In sala dal 18/05/12 Genere Thriller
Regia J.C. Chandor Con Zachary Quinto, Stanley Tucci, Kevin Spacey, Paul Bettany, Jeremy Irons, Demi Moore
Paese Usa, 2011 Durata 109'
Distribuzione 01 Distribution

►Un racconto quasi astratto per J.C. Chandor che però mostra il virus finanziario che ha causato la crisi economica. Teso, limpido, fertile...

 

Recensione

“I numeri non hanno più senso”, si sente dire in Margin Call, film d'esordio di J.C. Chandor. Ma forse ne hanno così tanto da essere diventati una dittatura, un cappio. Attorno a questa idea, al confine tra uomini e numeri, ruota un'opera che racconta il germe distruttore dell'economia mondiale odierna, ponendosi come versante narrativo del documentario Inside Job.

Quando in una società finanziaria uno dei dirigenti è licenziato, questi lascia a un suo sottoposto dei file su cui stava lavorando: all'interno, c'è il modello con cui l'azienda gioca in borsa, un modello talmente spregiudicato che i costi superano gli incassi. Come fare per non soccombere? E se le soluzioni fossero peggiori dei mali? Difficile da raccontare la sceneggiatura candidata all'Oscar del regista, base di una specie di thriller economico che poco a poco si apre come un'apocalisse finanziaria.

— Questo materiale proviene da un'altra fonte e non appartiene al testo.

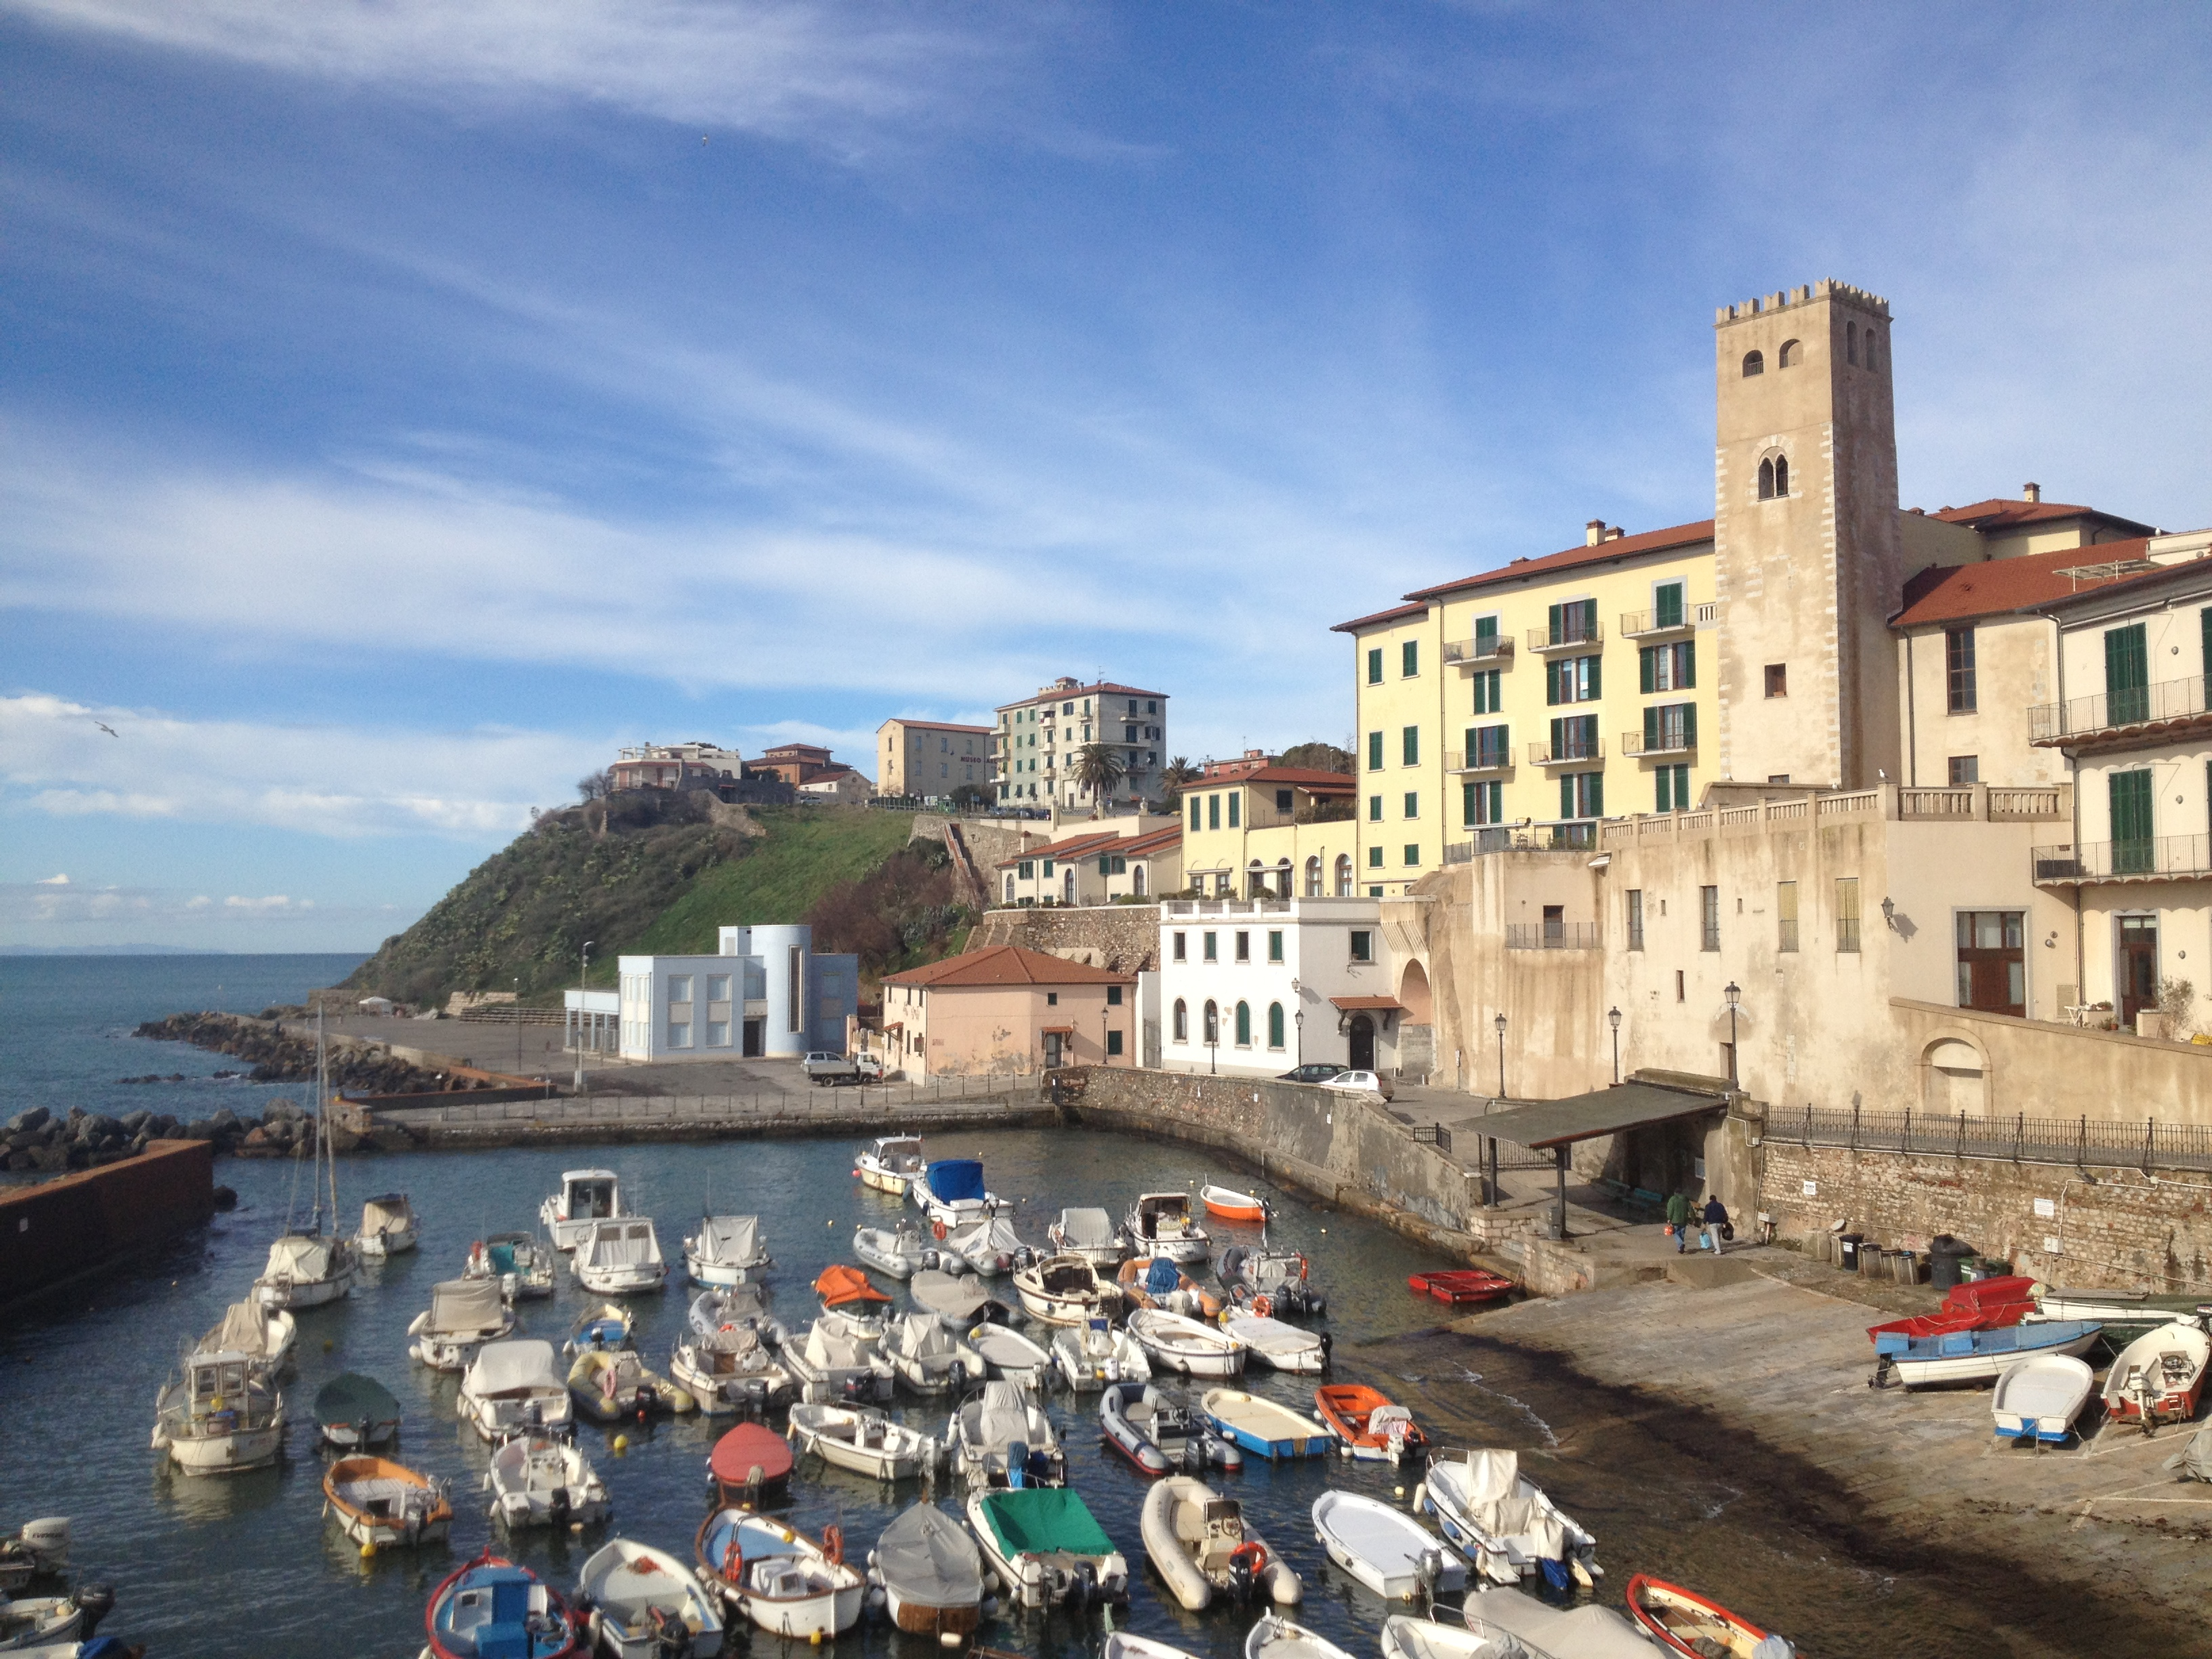 File57025 Piombino, Province of Livorno, Italy

Parte come una versione seriosa di Tra le nuvole di Reitman e cresce diventando la descrizione astratta - non ci sono nomi veri, date, documentazioni - di un caso esemplare che ha causato l'effetto domino che stiamo vivendo in questo momento (“Così ucciderai il mercato”, si sente), per riflettere al contempo sulle conseguenze delle azioni dei broker e dei papaveri della borsa. Chandor sviluppa il tono del racconto come fosse la descrizione di una catastrofe, di un day after che dura da 4 anni (“Sembra come se ci fossimo appena svegliati”, dichiara uno dei dirigenti dell'azienda), teso e limpido nel suo incedere, fertile nel suo approccio.

Il merito principale di Margin Call infatti è quello di non partire né da tesi né da realtà riconosciute o riconoscibili, di concentrarsi su fatti e personaggi, sul racconto puro e di far scaturire le idee e le riflessioni dopo le immagini, e non viceversa. Per non parlare del cast pazzesco, da Kevin Spacey a Stanley Tucci passando per Demi Moore, che non sbaglia un colpo. Chandor mostra di essere un regista ancora un po' acerbo, in alcune trovate registiche e stilistiche troppo programmaticamente, in una messinscena che fatica un po' ad aprirsi da un ambiente teatrale che non riesce a diventare palcoscenico metaforico. Però ha più di una carta da giocare e un talento da coltivare. (Emanuele Rauco)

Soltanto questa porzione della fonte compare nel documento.